Yes, I couldn’t agree more. Qt is nice, I use it in my professional work. But for me personally, Gtk is the best toolkit, and this is largely because it is programmed in C, not C++. Also, Gtk has the GObject Introspection framework which allows for other programming languages to connect to the Gtk libraries, so you can code Gtk apps in pretty much whatever language you like best.
I like fedora but I’m really loving opensuse tumbleweed on both my desktop and laptop. I have Nvidia rtx cards and support is just a few mouse clicks post-image. I get better FPS now than I did in Windows 11.

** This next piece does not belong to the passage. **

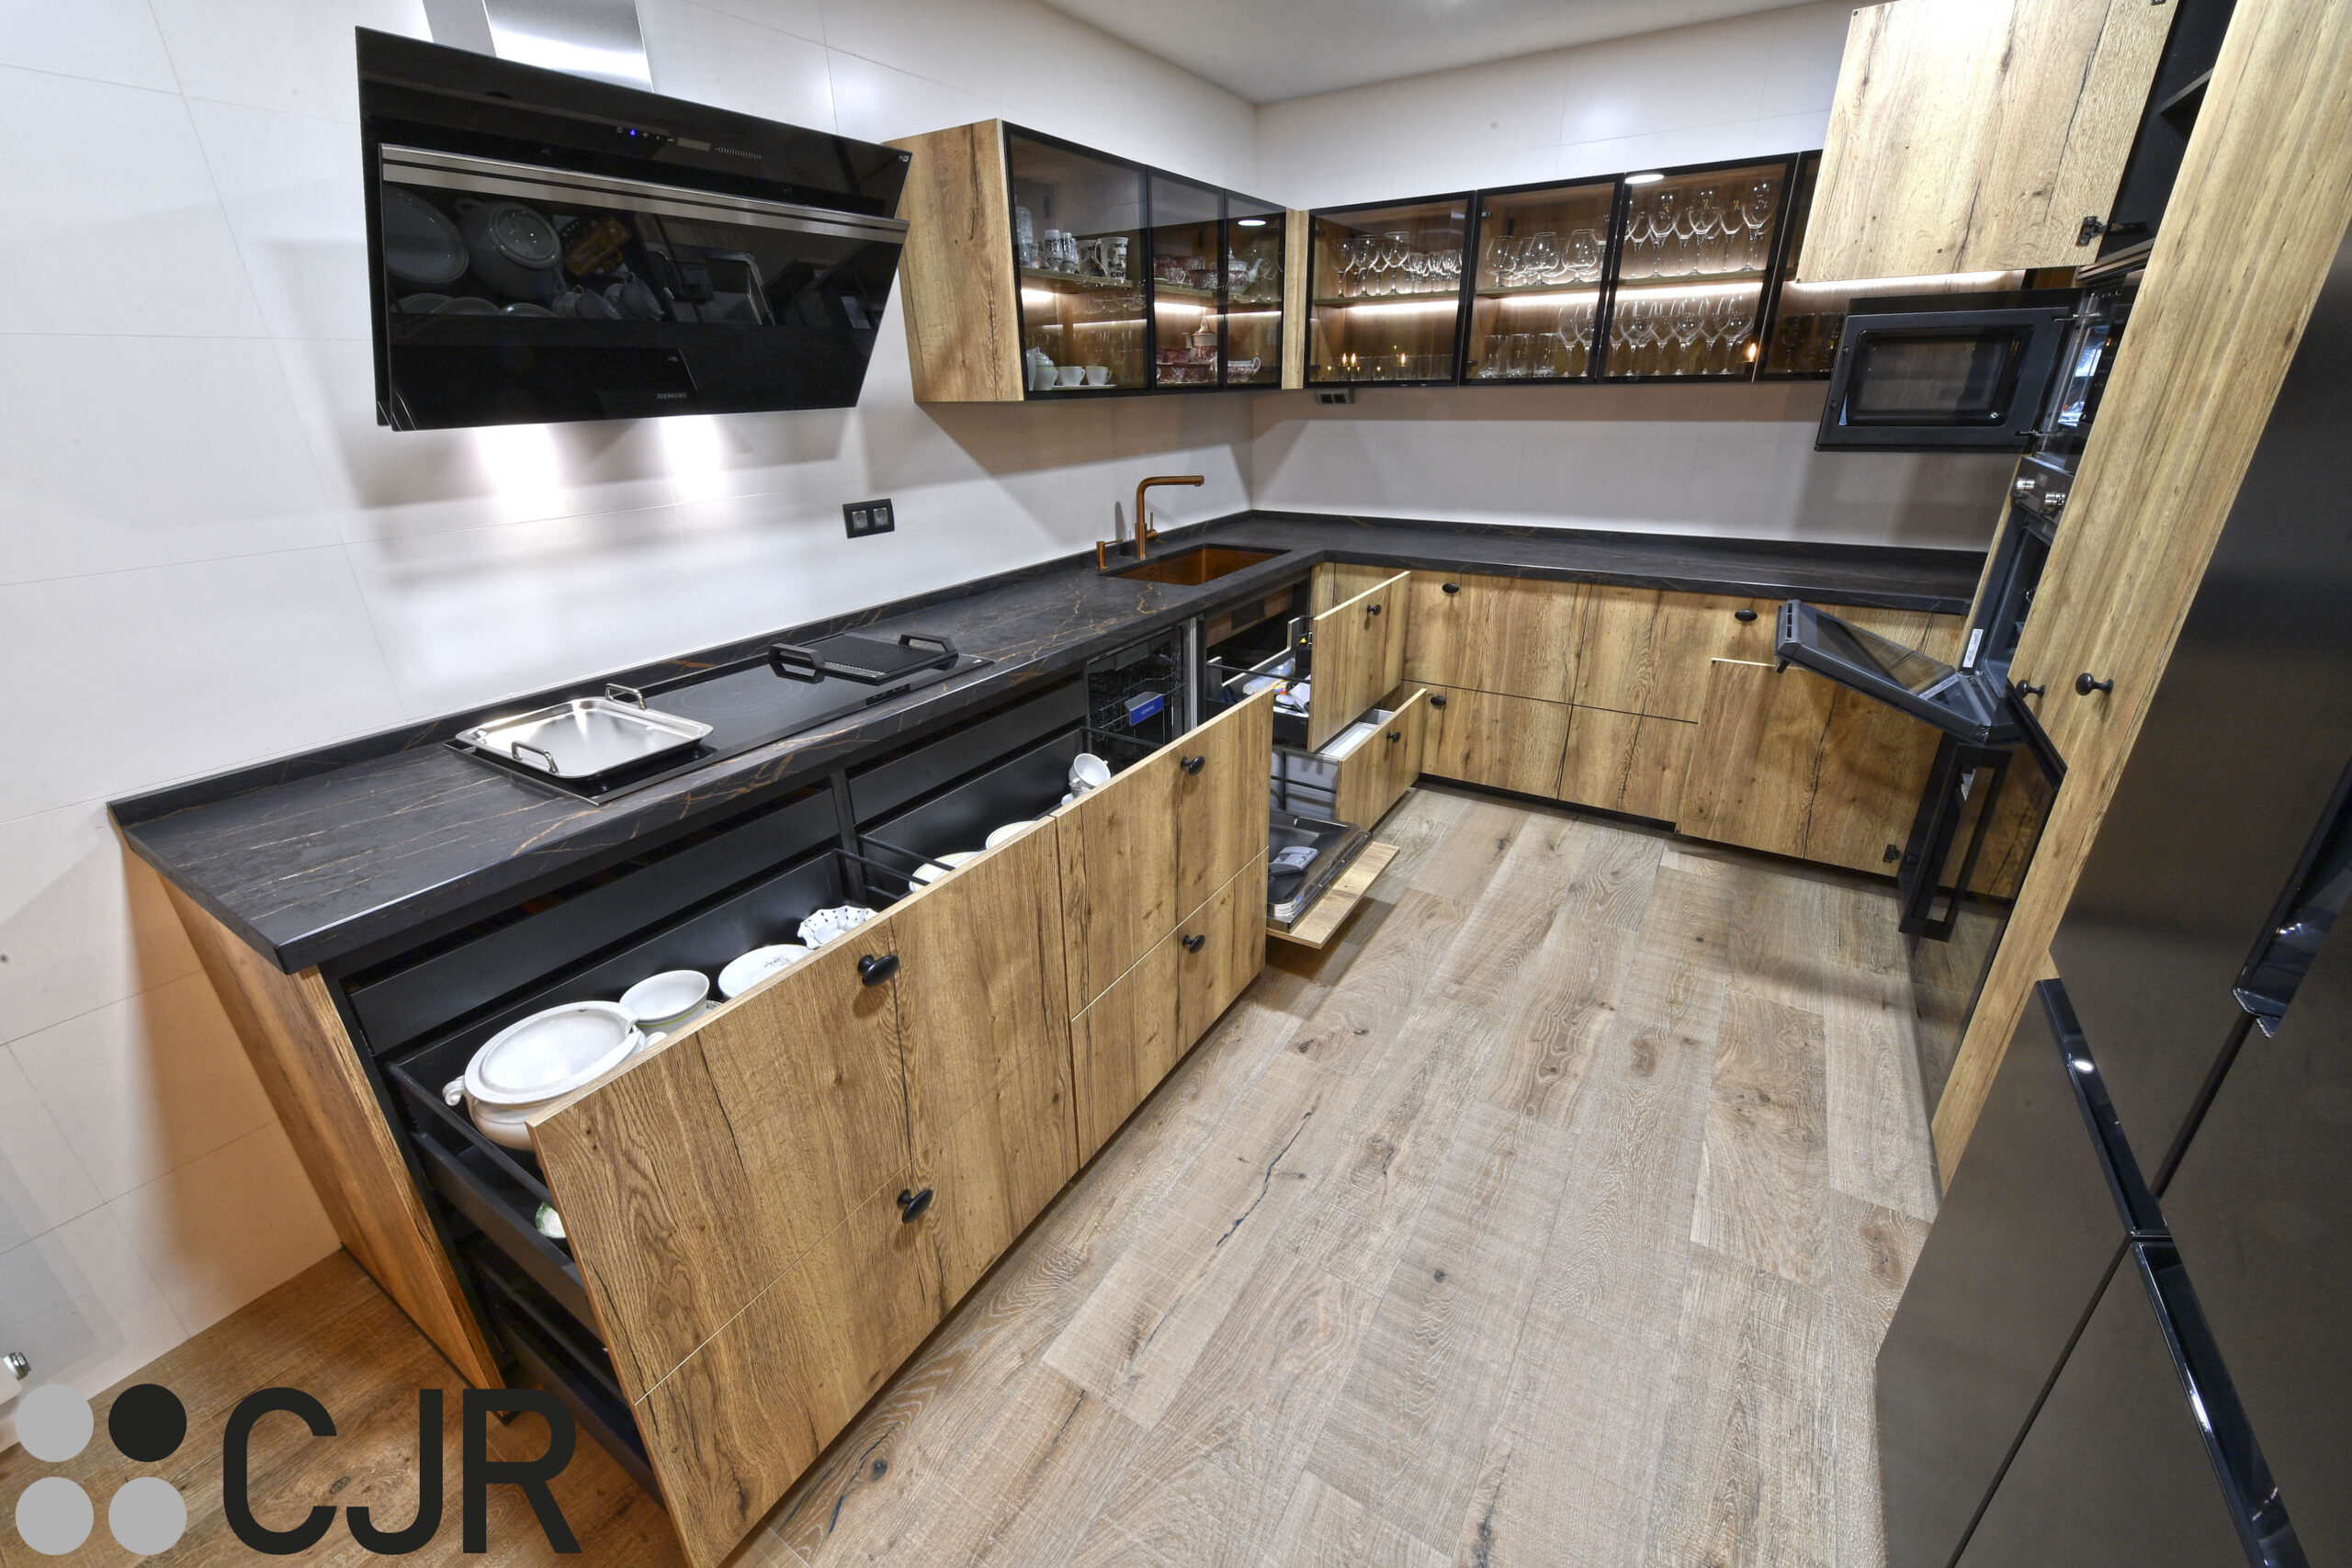 aprovechar almacenamiento de cocina abierta en negro y madera cocinas cjr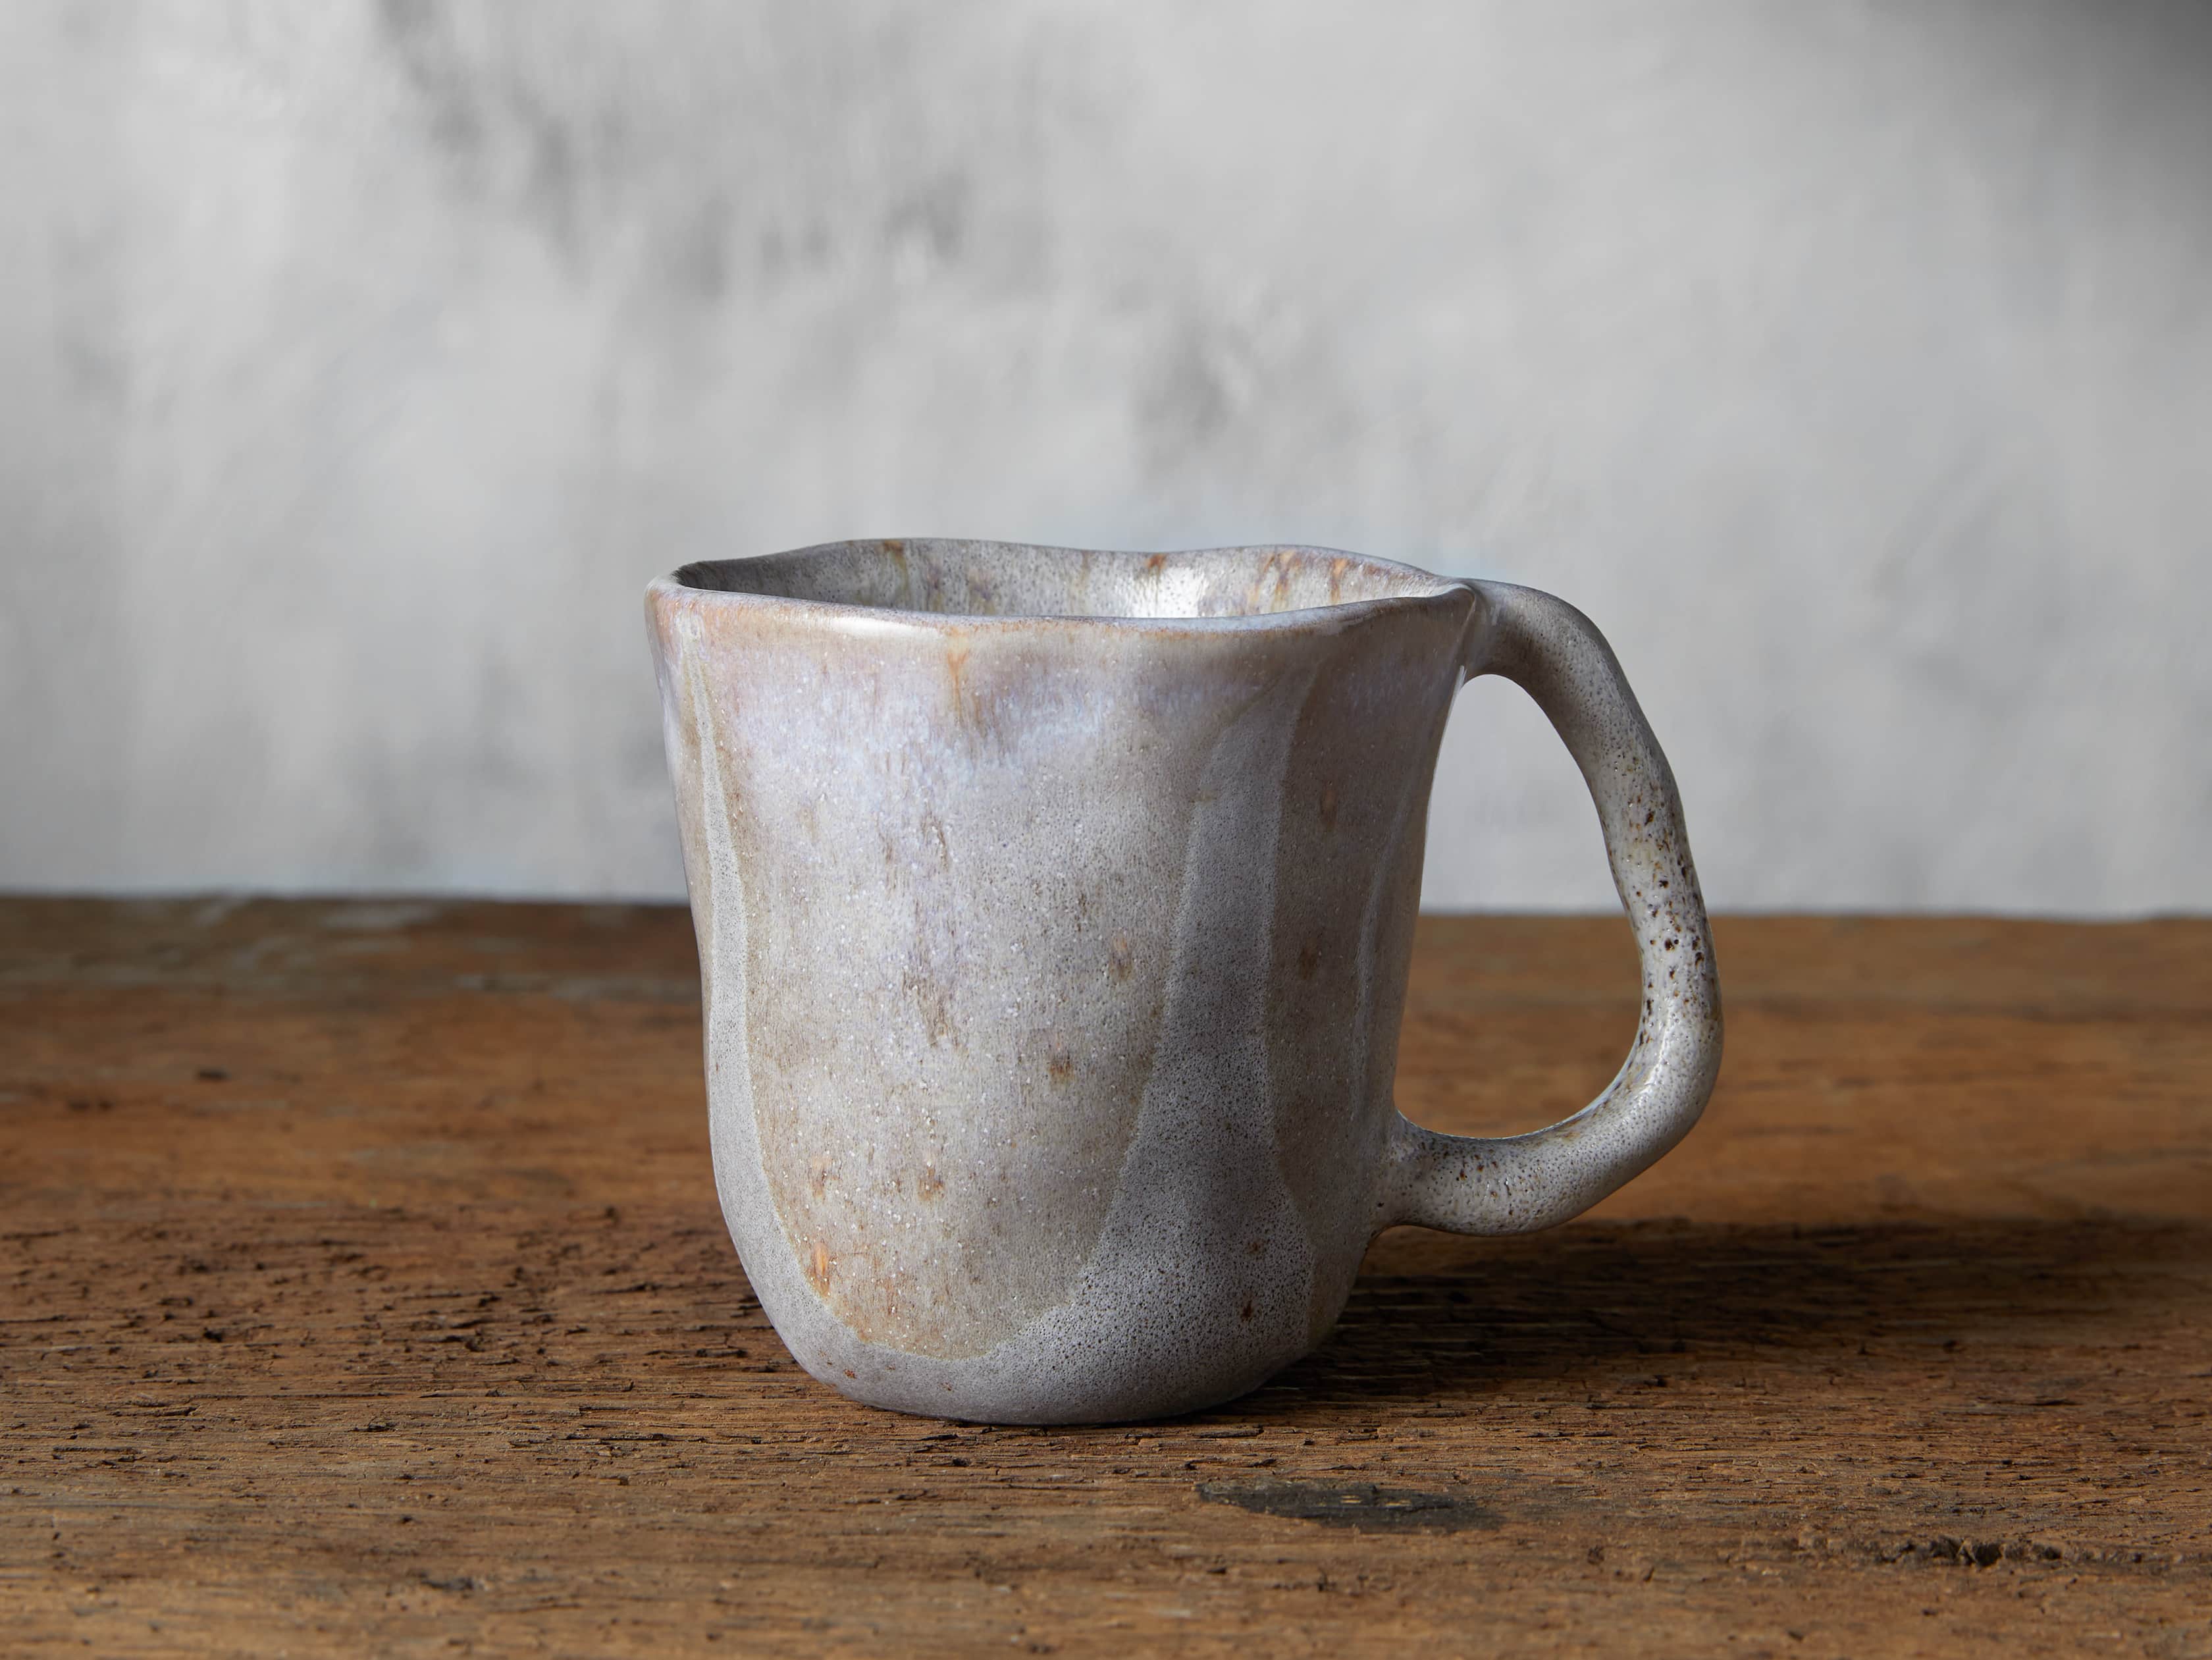 Undify Tasse à café thermique en céramique avec changement de couleur  Twilight Moon

Your GPU has a dedicated ASIC that can do the encoding simultaneously. On NVIDIA (not relevant in this case) that would be your NVENC encoder.
AMD and Intel have their own ASIC IP blocks that do encode/decode that’s part of the GPU “SoC” but wouldn’t consume GPU compute resources (eg CUs). That’s how you see people already using GPU encode with obs (non-AV1 codecs) while gaming, and really that’s how people like me using Sunshine/Parsec for the host PC for “remote” gaming (mostly for remoting into a Windows machine for the 1 game that cannot be run on Linux nor a VM due to anti-cheat). The only GPU resources you’re using are PCIe bandwidth and perhaps some VRAM usage? But I wouldn’t call it just dumping it from the CPU to the GPU, you have an ASIC that mitigates the brunt of the workload and AV1 with Sunshine has been amazing, can’t imagine now using it for recording my gameplay vids will hopefully be better than H264 (due to lower bitrates and hence smaller file sizes).
IF you want Steam, THEN please consider every variant in the official Ubuntu family.
Steam-support told me in their system, iirc in early 2023, that they ONLY support the Ubuntu family ( directly ).
As Linus Torvalds noted, it isn’t possible to release software that is going to work on all distros.
Even glibc has been broken by one, in that talk of his, and it wasn’t a niche distro, either, iirc.
Pick which subset you CAN afford to support, and do not add to that subset until you’re rolling in money, from your linux-customerbase.
( slight sarcasm on the last line, but business is business: destroying-resources costs, and if there is no benefit, it isn’t sane to continue doing it. )
Decide which capabilities/functions/apps you NEED, and then don’t even consider distros that break your required-set on you.